A variety of methodologies and
techniques are deployed by list brokers during the process of selecting
outside lists. This article will examine one particular methodology
which helps to identify additional list universes for expanding
the market of a direct mail campaign. I refer to this methodology
as "neural" list selection.
The terminology is actually borrowed from the realm of computer
science. A "neural net" is the core of an artificial intelligence
system which imitates human cognition by processing diverse data
and connecting information with both expected and unusual factors.
The neural approach to list selection starts with a base of profitable
lists and uncovers new universes by identifying other lists that
have similar attributes to the top performers.

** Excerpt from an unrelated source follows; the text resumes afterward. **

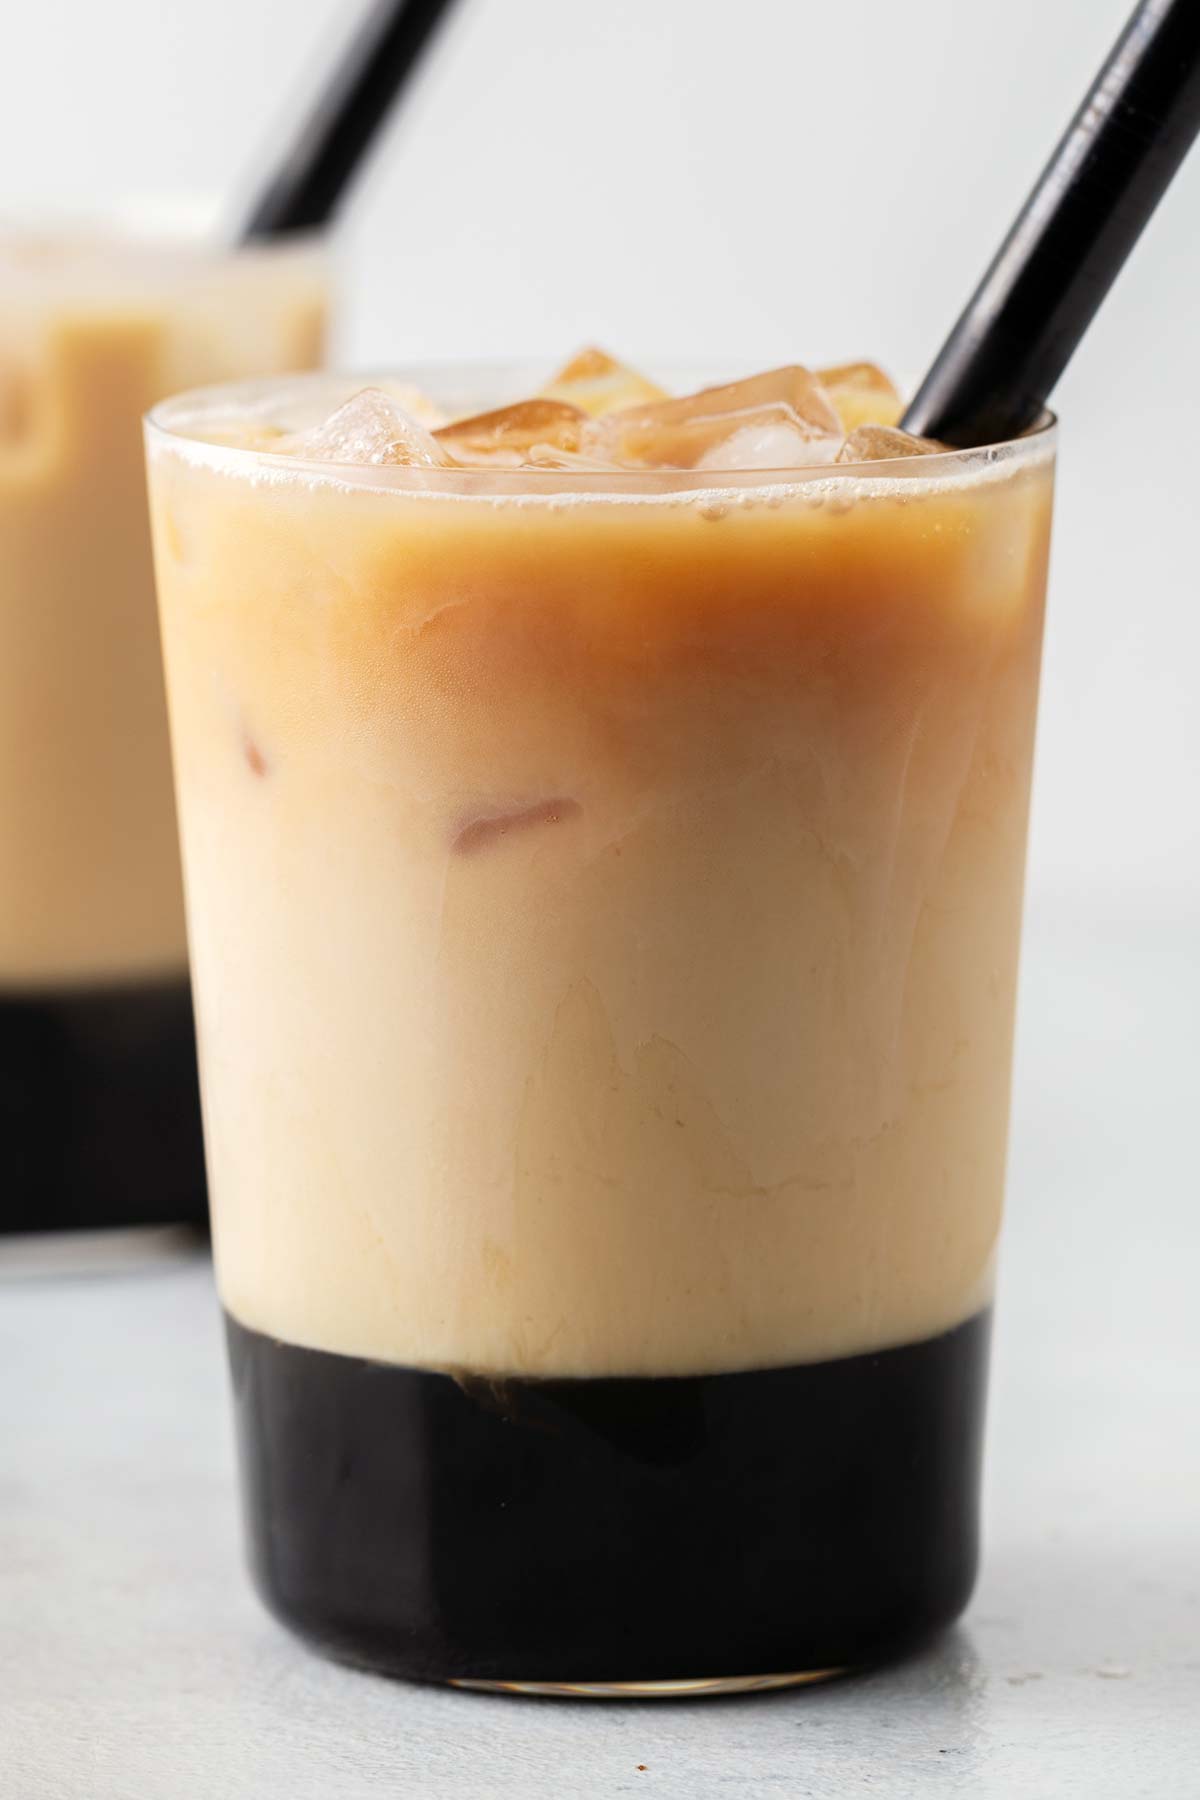 Rose Bubble Tea (Rose Milk Tea with Boba) finished and layered in a large glass with a black, wide straw.

The neural technique varies from the methodology of selecting
lists that fit into pre-defined categories, since these categories
can inherently limit the horizontal movement needed to expand
the market for a particular campaign. With the neural approach,
it is the unique attributes of the profitable lists, as opposed
to pre-defined categories, which act as the qualifying factors
for list selection. As an example, let's examine a base of continuation
lists for a fictitious mailer and review the rationale for new
tests based on the neural approach.
For visualization purposes, I used the organization chart capabilities
built into Microsoft's PowerPoint. Though it is intended for mapping
the hierarchy of employees, it actually lends itself very well
for graphical representation of neural list selections.
Using this tool, the list at the top of the chart would be considered
the 'lead' list, with one equal level of subordinates underneath
representing files that share common attributes with the lead
(see fig. 1 below).
The first step of the process was to analyze all of the continuation
lists, separating the ones with unique predictor characteristics
to serve as lead lists. As I went through this analysis process,
I expected to identify lists within the continuation groupings
that were common to one another. This makes sense, since in the
traditional test/continuation cycle, successful lists will demonstrate
clustering around successful attributes. In the case of several
lists with common predictor characteristics, the file that most
prominently displayed these attributes was selected as the lead
list, clarifying and supporting the rationale for the grouping.
In the first group, I identified Cybermedia as a lead list.
The Cybermedia list is comprised of individuals, mostly at home
address, who purchased the First Aid utility program for Windows
95 via direct mail. In this case, the discriminating attributes
were utility product buyers and Windows 95, in addition to a direct
mail sold source with selectable recency. As you can infer, the
source and the recency of the names directly affect list performance.
Applying the neural list selection process, I identified several
test lists, such as Dashboard and Microhelp. Dashboard, published
by Starfish Software, is a utility program that places a front-end
control panel to the Windows operating system. Microhelp is known
for their uninstaller program, which removes unused software from
the Windows 95 and NT environments. Both Dashboard and Microhelp
have selectable recency, and are marketed as having a direct response
source. During order placement, direct mail sold names would be
selected, if available.
Quarterdeck was also identified, however, to support the rationale
for the group, I was forced to go 'off the datacard' and research
the availability of individual product selects. Specifically,
I wanted to rent Quarterdeck's Windows 95 utility products, such
as Remove-It and WinDelete. Remove-It and WinDelete were selectable
with recency, and were marked as separate test lists in the grouping.
Since a majority of Quarterdeck's recent names have a direct mail
source, this list met the requirements for the grouping.
Another grouping identified recent buyers of Sidekick by Starfish
Software as the lead list. As a calendar/scheduler/contact management
program, I concluded that the discriminating attributes were highly-organized
consumers and business people who have made recent product purchases.
This directed me to recent buyers of Sharkware and Maximizer,
two lists targeting buyers of contact management software. Following
this rationale were hotline buyers of Day-Timer's Organizer Software,
a complimentary product to their pocket scheduler.
Hotline subscribers from Mobile Computing were also selected,
due to the affinity of portable computers with sales-oriented
individuals who regularly use schedulers and contact management
software. Hotline subscribers were selected, going off the card
to request the omission of agent sold names (e.g. names sold by
the multi-magazine companies such as American Family Publishers).
Though it is impossible to provide a finite mapping of the thought
processes and list selection methodologies used by professional
List Brokers, the neural approach will give you additional insight
for working with your broker and uncovering new tests.